Dr. Fertrin on the Potential of Fostamatinib in Chronic ITP

Kleber Y. Fertrin, MD, PhD
Published: Monday, Jul 29, 2019



Kleber Y. Fertrin, MD, PhD, assistant professor, University of Washington School of Medicine, and hematology oncologist, Seattle Cancer Care Alliance, discusses the potential of fostamatinib (Tavalisse) in the treatment of patients with chronic immune thrombocytopenia (ITP).

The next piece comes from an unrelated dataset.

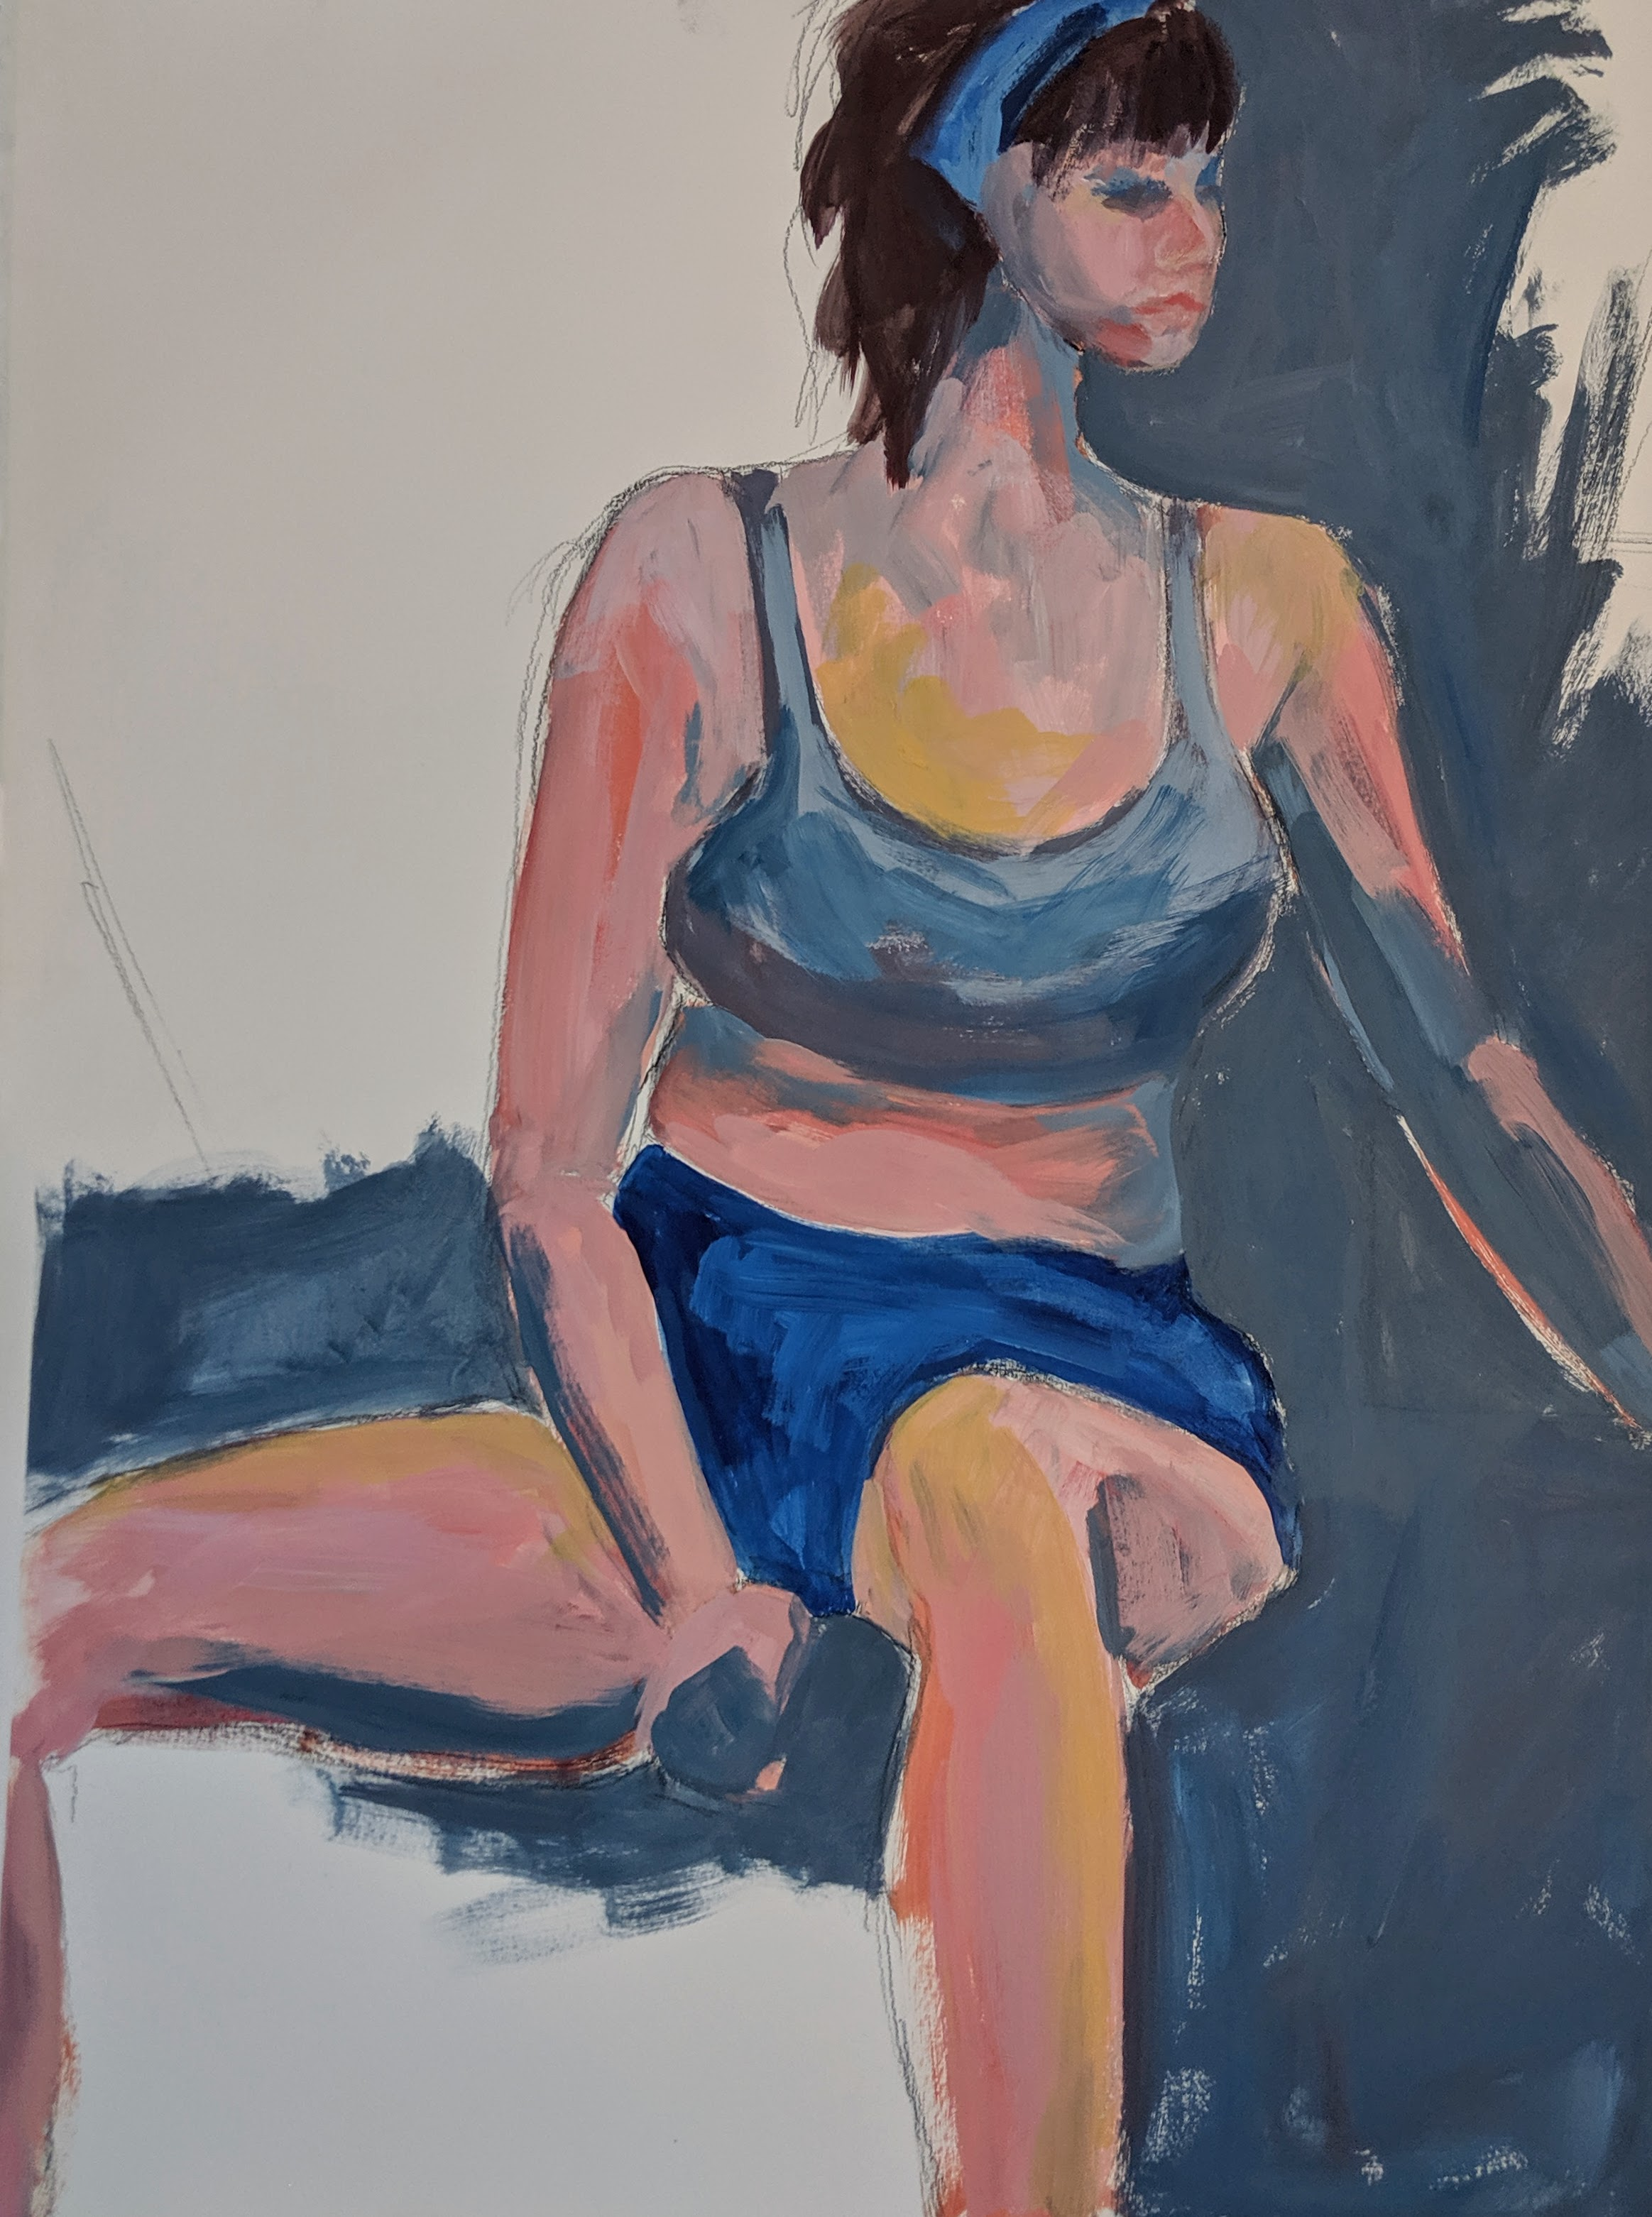 ©2019 Lois Reinis  | Figure Painting & Drawing Workshop, San Luis Obispo County (Arroyo Grande, CA) | David Limrite, Instructor

Fostamatinib is the first Syk inhibitor that was developed for the treatment of patients with chronic ITP. The agent was approved by the FDA in 2018 for use as a second-line therapy in patients with chronic ITP following an insufficient response to prior therapy. The approval was based on findings from 2 randomized trials and 1 open-label extension study. Notably, the agent has shown a response rate of approximately 30% in patients who are refractory to 2, or potentially 3, prior therapies.

However, many questions remain with the agent, explains Fertrin, such as whether or not the agent can be combined with other therapies. Additionally, although the agent has shown activity in a heavily pretreated population, it is unclear whether it will possess the same activity in earlier lines of treatment, says Fertrin. Many clinical trials with fostamatinib in heavily pretreated and treatment-naïve patients with chronic ITP are anticipated.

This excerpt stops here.